The Pentagon barred the senior Democrat on the Senate Intelligence Committee from making an oversight visit to a military spy agency.
Armed forces off the coast of Venezuela began a military campaign against alleged members of a drug cartel without any authorization from Congress, and without notifying key members.
The White House informed Congress it planned to use a rare maneuver to skirt a vote and cancel nearly $5 billion in foreign aid funding that lawmakers had already approved, the latest escalation of its campaign to undercut the legislative branch’s spending powers.
And just a month after senators had confirmed her, Robert F. Kennedy Jr., the health secretary, ousted the director of the Centers for Disease Control.

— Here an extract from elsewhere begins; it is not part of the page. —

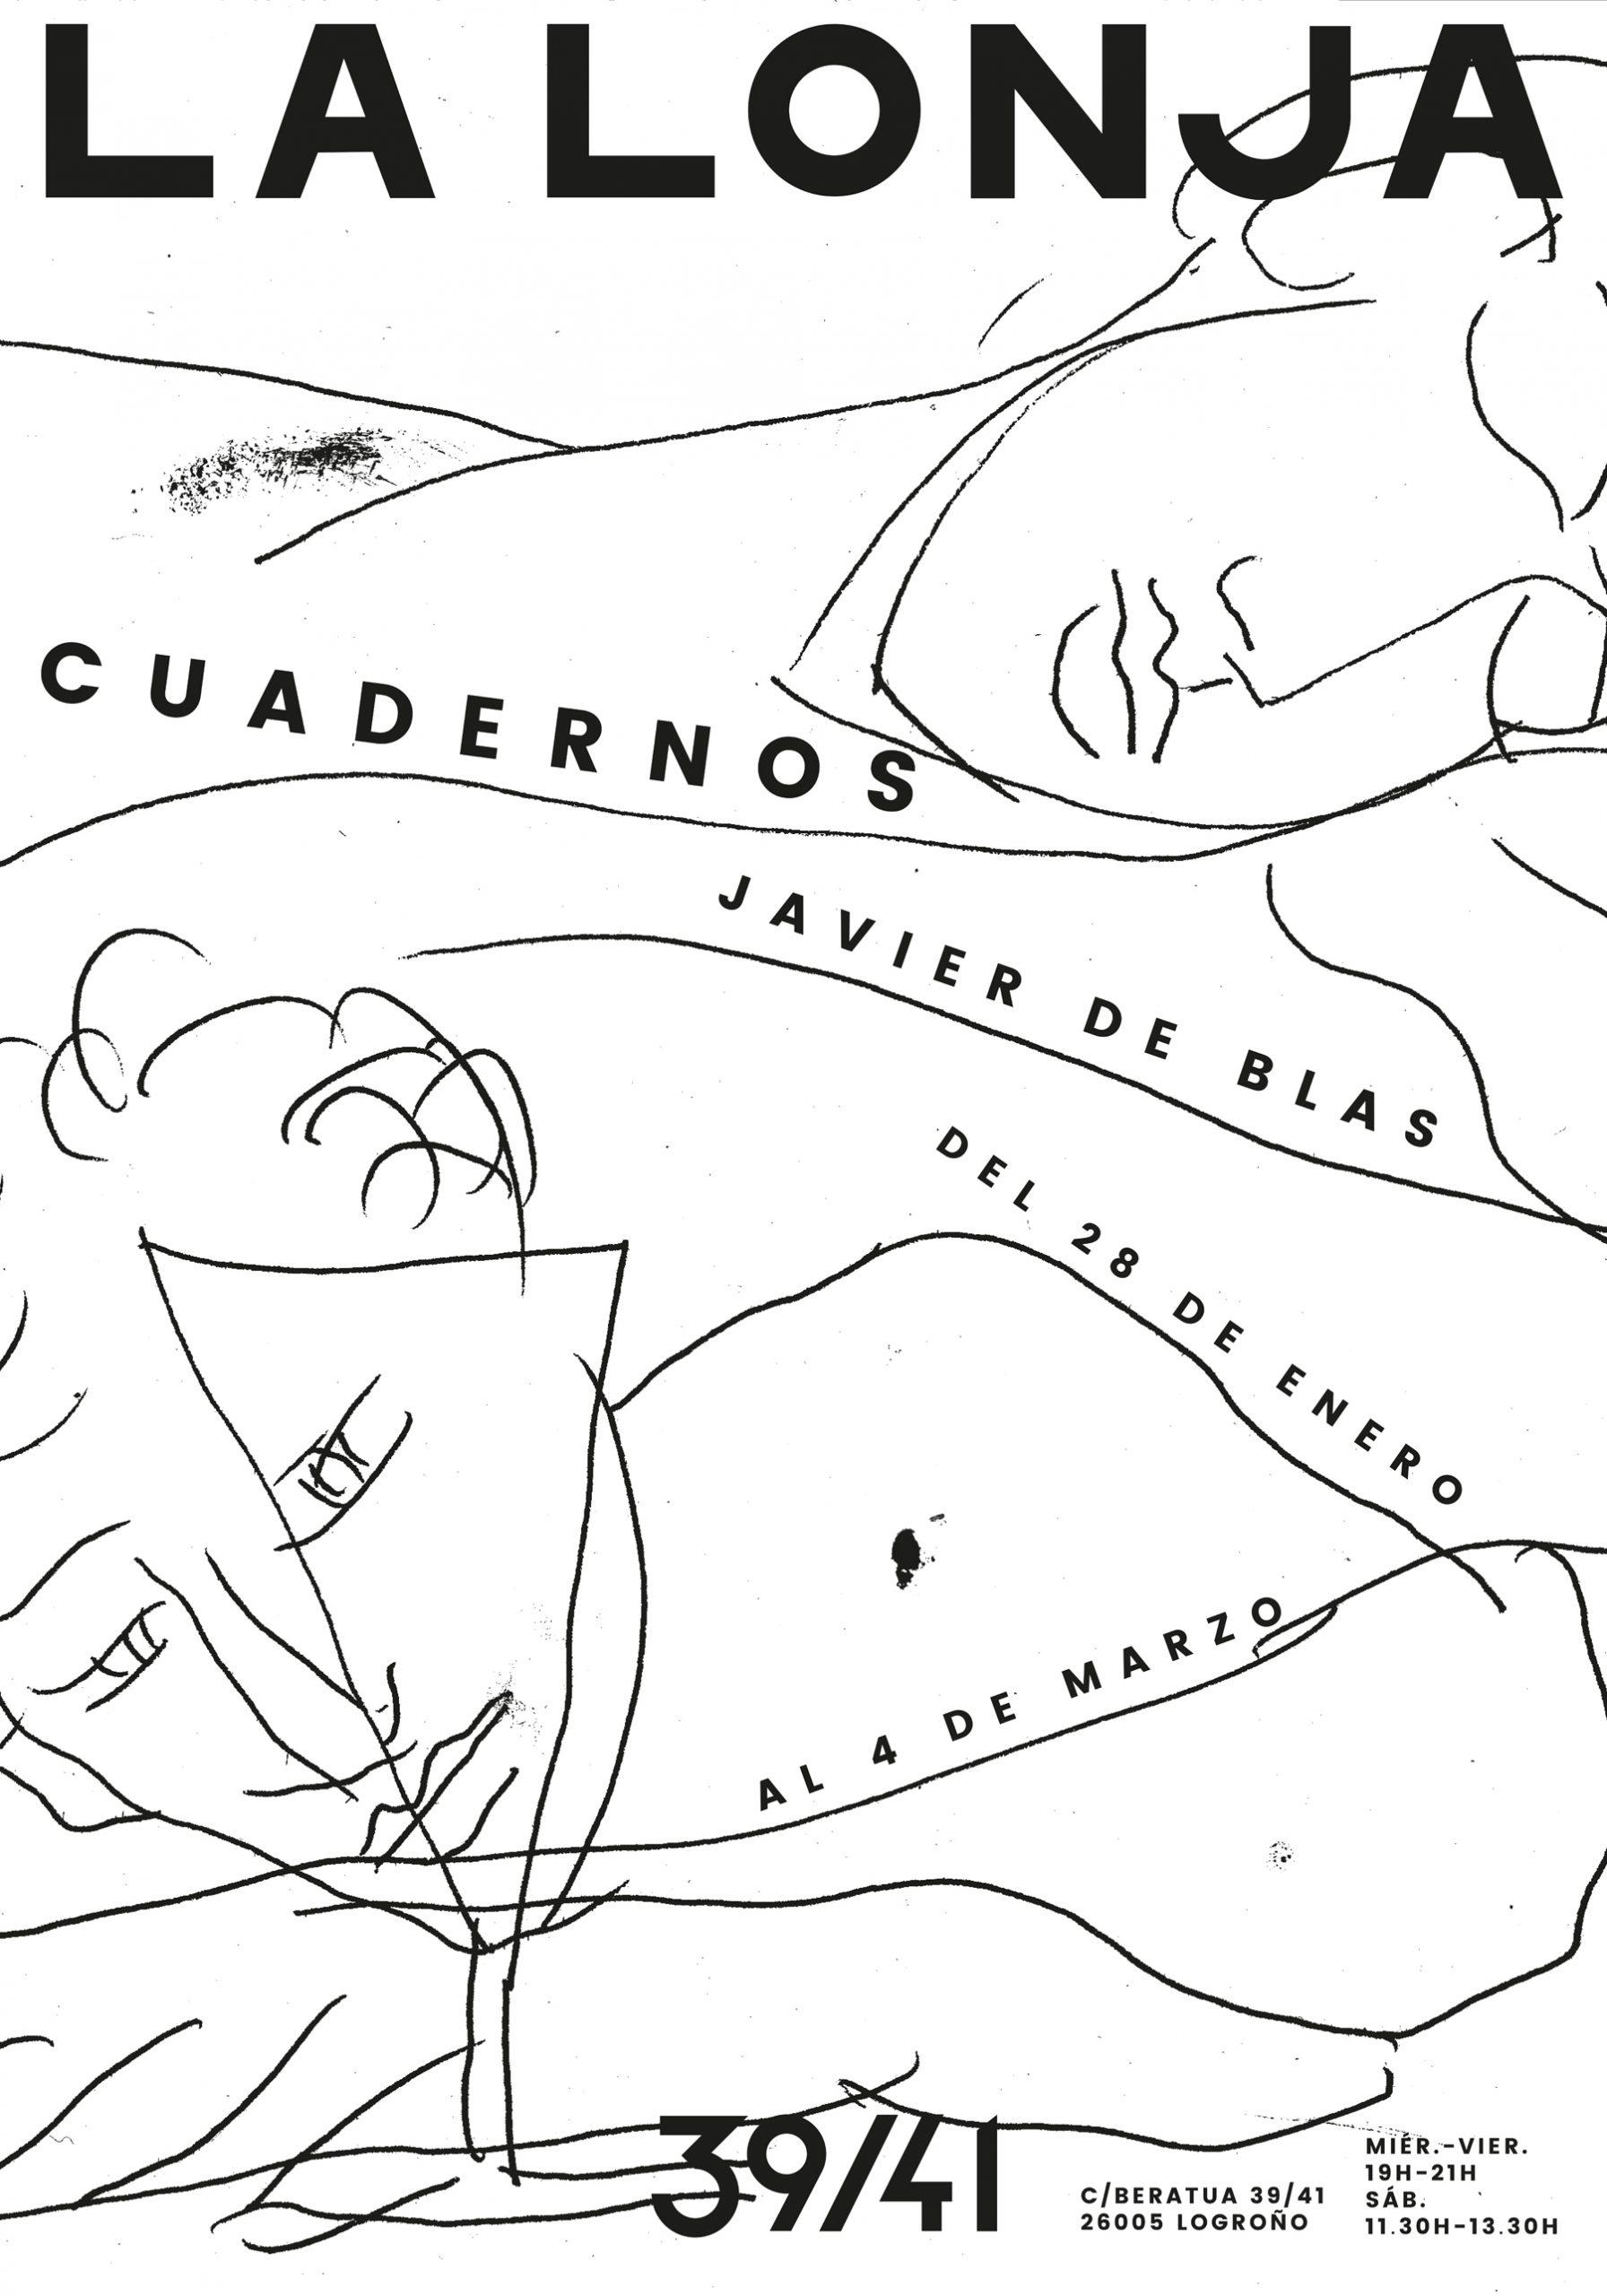 CUADERNOS / JAVIER DE BLAS 28.EN.- 4.MAR.2018

He also put forward changes that would effectively restrict access to Covid-19 vaccines, after pledging to senators during his own confirmation hearings that he would not make it more difficult.

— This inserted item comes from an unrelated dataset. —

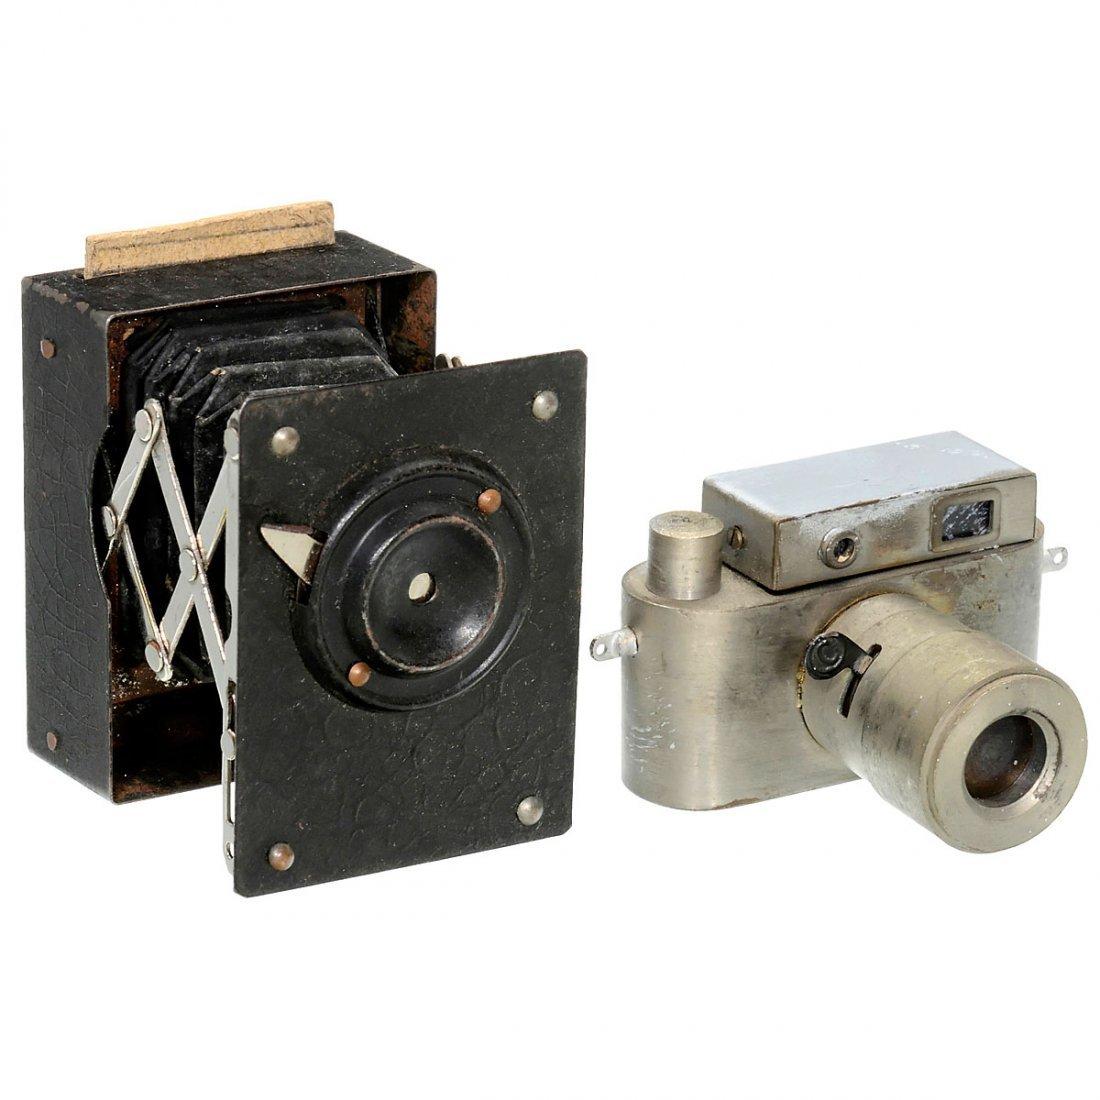 2 Unusual Subminiature Cameras

The Trump administration continues to erode the power of Congress, trampling on its constitutional prerogatives in ways large and small. Through it all, Republicans in charge have mostly shrugged — and in some cases, outright applauded — as their powers, once jealously guarded, diminish in ways that will be difficult to reverse.
In recent weeks, G.O.P. leaders have looked on passively as the president has fired a litany of agency leaders whom senators worked for weeks to confirm, from the C.D.C. to the Internal Revenue Service to the Federal Reserve.